Some authors (I think Brandon Sanderson is one of them) have gone so far as to say that what I’m calling continuous anachronisms can never be completely excised from a work. While I am reluctant to agree that it is completely impossible – I would like to think that with sufficient study and dedication you could write something that would be free of them – I agree that it is probably impossible to write something completely free of continuous anachronisms that a significant number of people will enjoy reading. Even Game of Thrones, which has become famous for its immorality (by modern standards), is riddled with continuous anachronisms, precisely because those things are still framed as immoral.

If it’s impossible to excise these continuous anachronisms completely, you might reasonably wonder what the point of even thinking about all of this way, other than to make all of us writers feel even more intimidated by the magnitude of the task to which we have set ourselves (I have often said that people who write speculative fiction must be experts in every field of study every studied). Fortunately, even though you probably can’t expect to eliminate them entirely, it is possible, and definitely worth the time and effort, to at least consider these sorts of ideas, and address some of them. The ways that we today interact with each other and form relationships is predicated on the ability to communicate instantly anywhere in the world, so be aware of that when you’re creating character relationships. You don’t have to make your characters public execution groupies, but you should probably spend some time thinking about how exposed they may have been to death, since only in the past century or so has a major portion of the world’s population effectively isolated itself from death on a sensual level.

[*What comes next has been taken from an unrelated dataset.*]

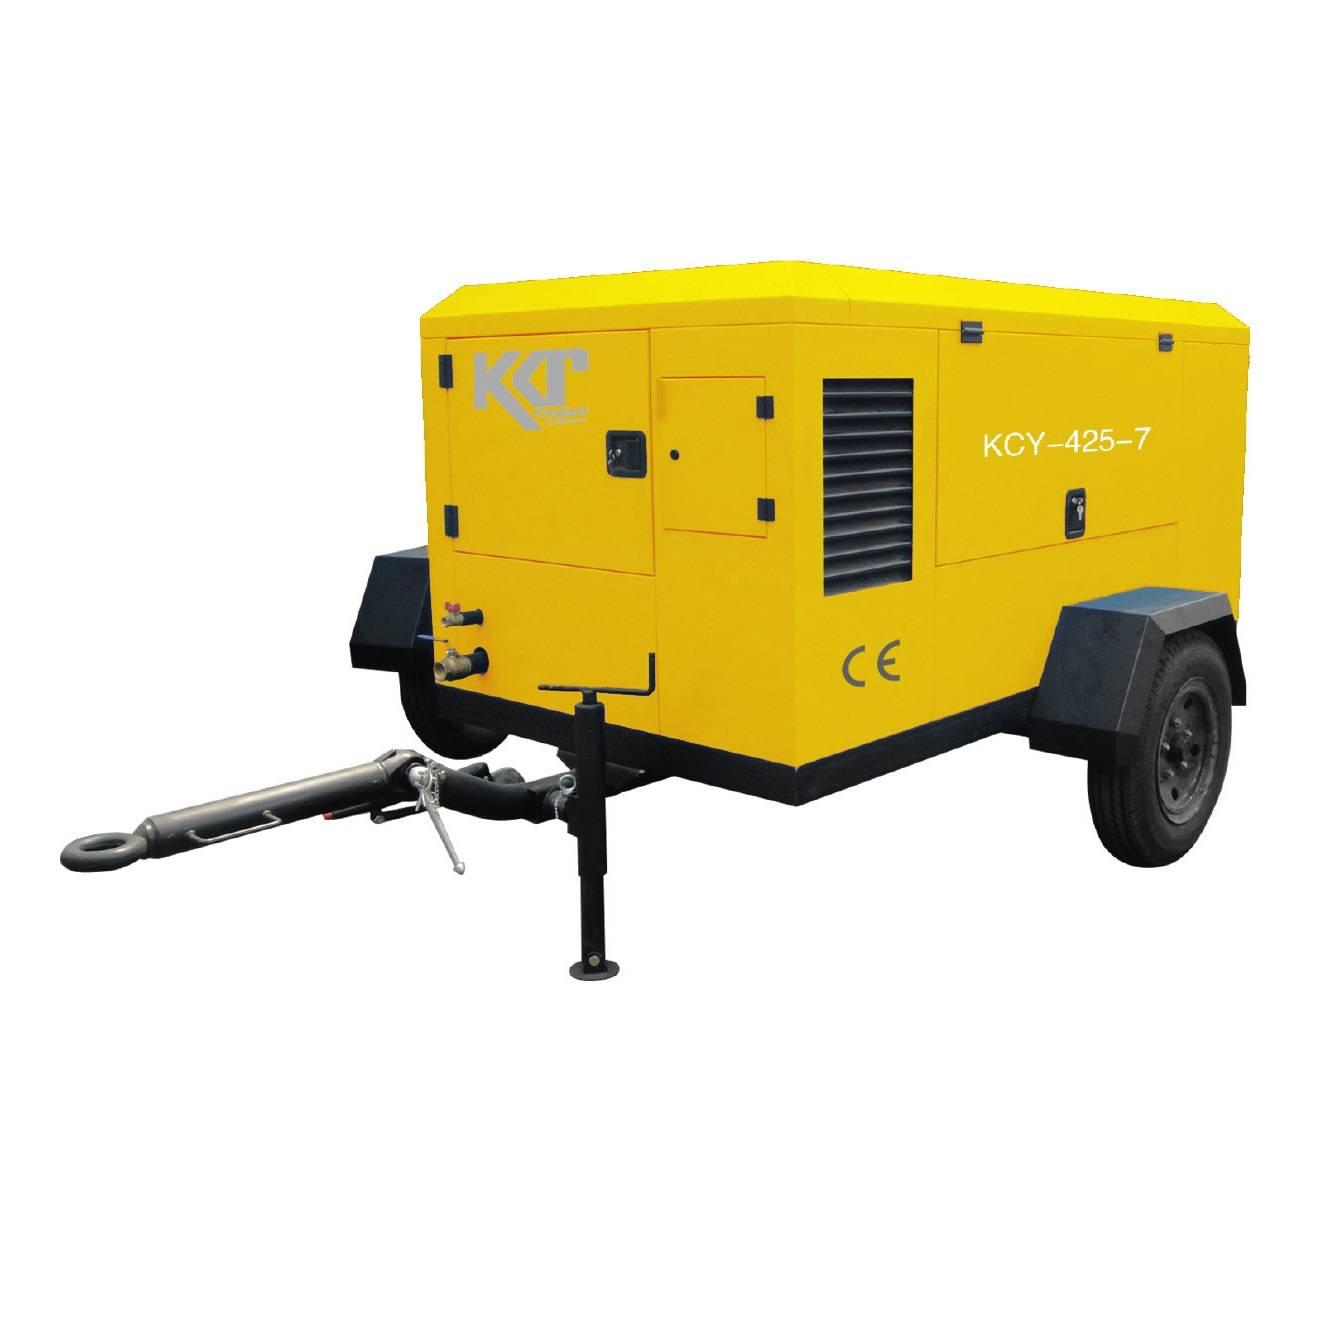 KCY425-7 portable rotary screw air compressor
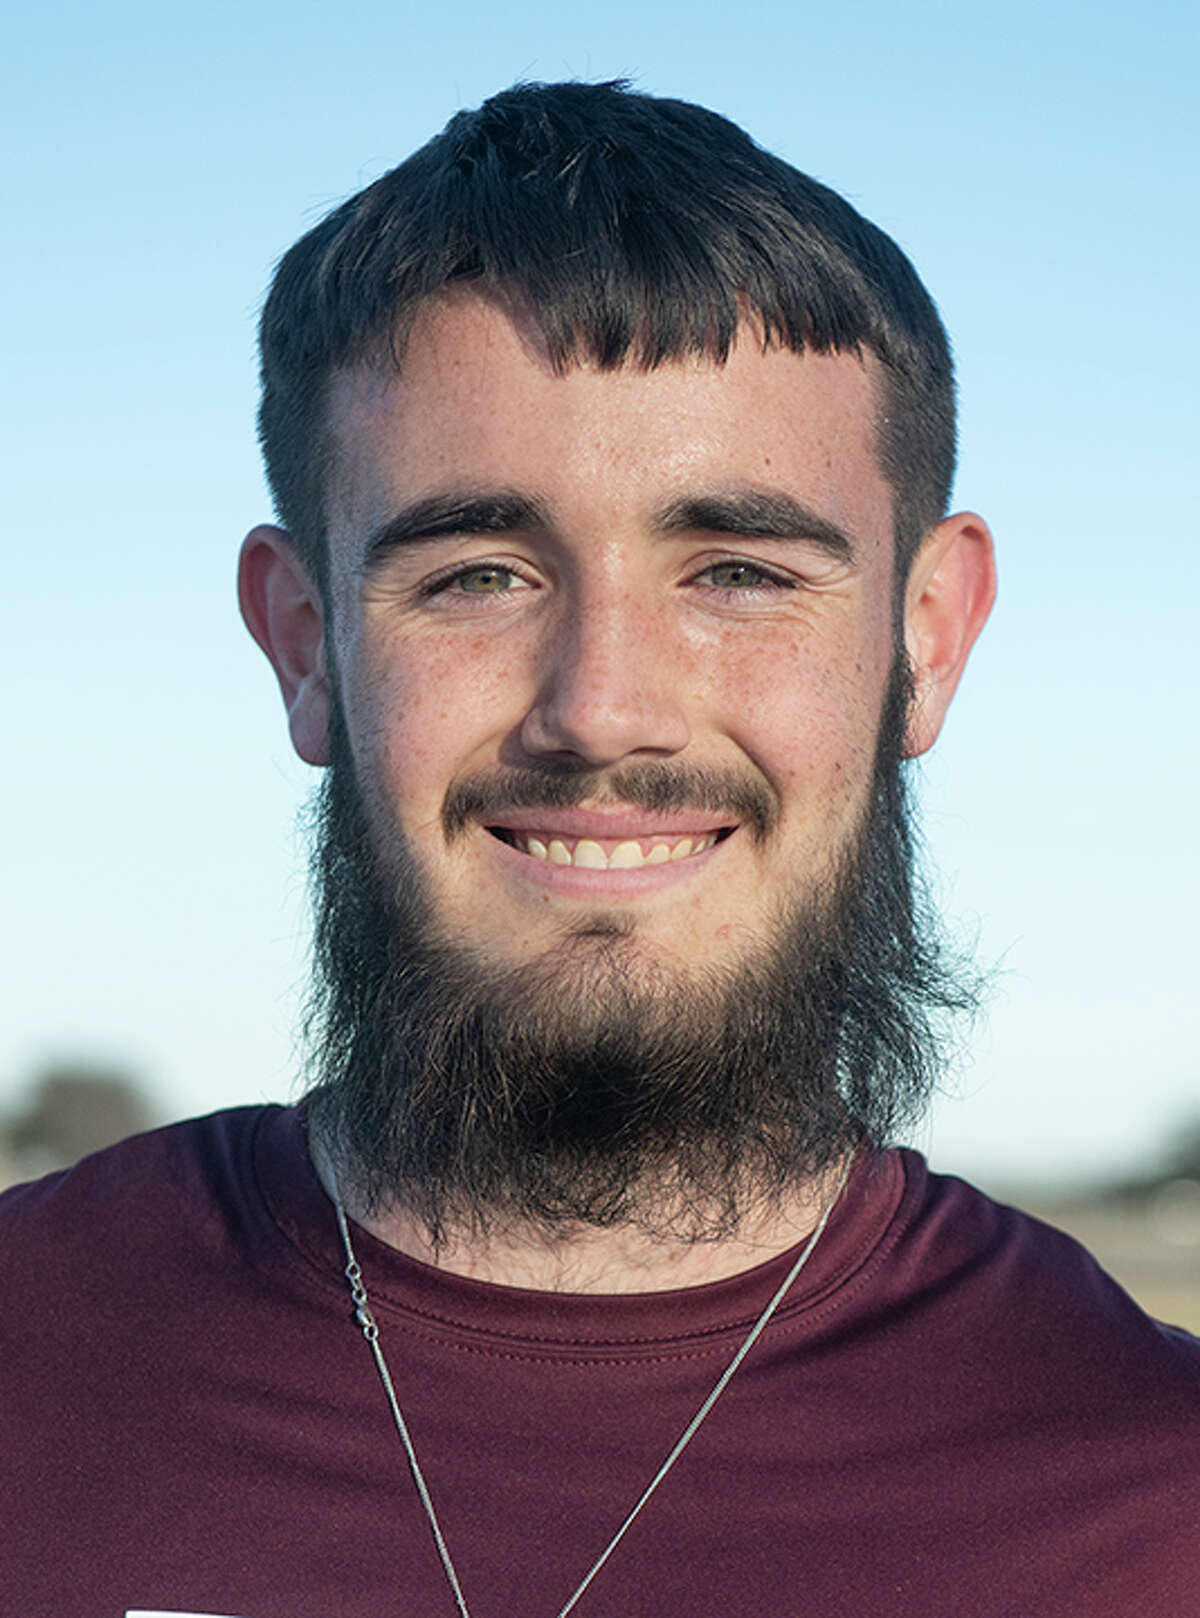 Meet the Team: Tanner Holladay

By no means do I claim to be an expert at this, but it is something that I have spent a lot of time thinking about, and my recent reading of many texts translated directly from period pieces of literature has increased drastically my range and depth of thought on these topics, as well as brought them into far better focus. I’ve been working on and off on a piece loosely inspired by my historical reading that experiments with some of these concepts, including trying to reduce continuous anachronisms as much as possible – I have no expectation of this book being popularly consumed, if I finish it, but maybe I’ll post it here on the site as a curiosity. I hope that, whether you’re reading, writing, or simply thinking about the real world, this has at least helped provide an interesting new perspective and way of considering things. And please, if you take nothing else away from this post, don’t “fire” any arrows.